2.7. Public bodies for occupational safety and health

a) According to the Act on Labour Protection, functions of the State in this respect are the responsibility of Parliament and the Government; the Minister of Social and Family Affairs and the Hungarian Labour Inspectorate (OMMF) under his/her supervision; the Minister of Health and the National Public Health Service (ÁNTSZ) under his/her supervision; and the Minister of Economy and the Hungarian Mining Office under his/her supervision. With regard to safety, there is also an important role played by the Technical Supervisory Authority under the supervision of the Minister of Economy. With regard to the armed forces and bodies, supervision and control of occupational safety and health is exercised by the competent minister.

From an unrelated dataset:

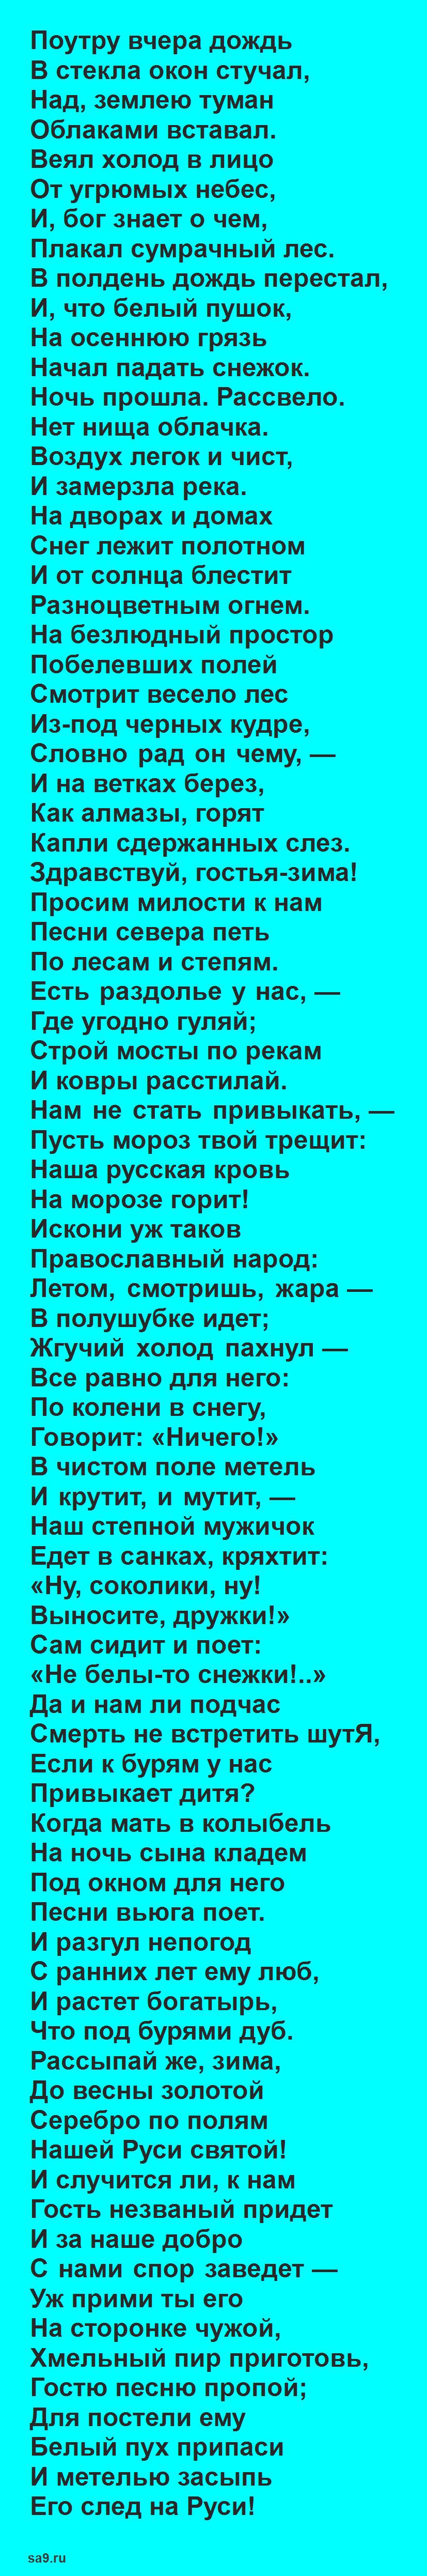 Стихи Никитина - Встреча зимы

b) Legal regulation treats the two traditional pillars of safety and health within one integrated approach. The executive authorities responsible for supervision and control, on the other hand, are separated. Enforcement is performed by the three distinct organizations of ÁNTSZ [the Public Health Service], OMMF [the Labour Inspectorate] and MBH [the Mining Authority]. These authorities, in accordance with the different occupational safety or health requirements under their control, necessarily have different priorities, inspection targets, and working methods.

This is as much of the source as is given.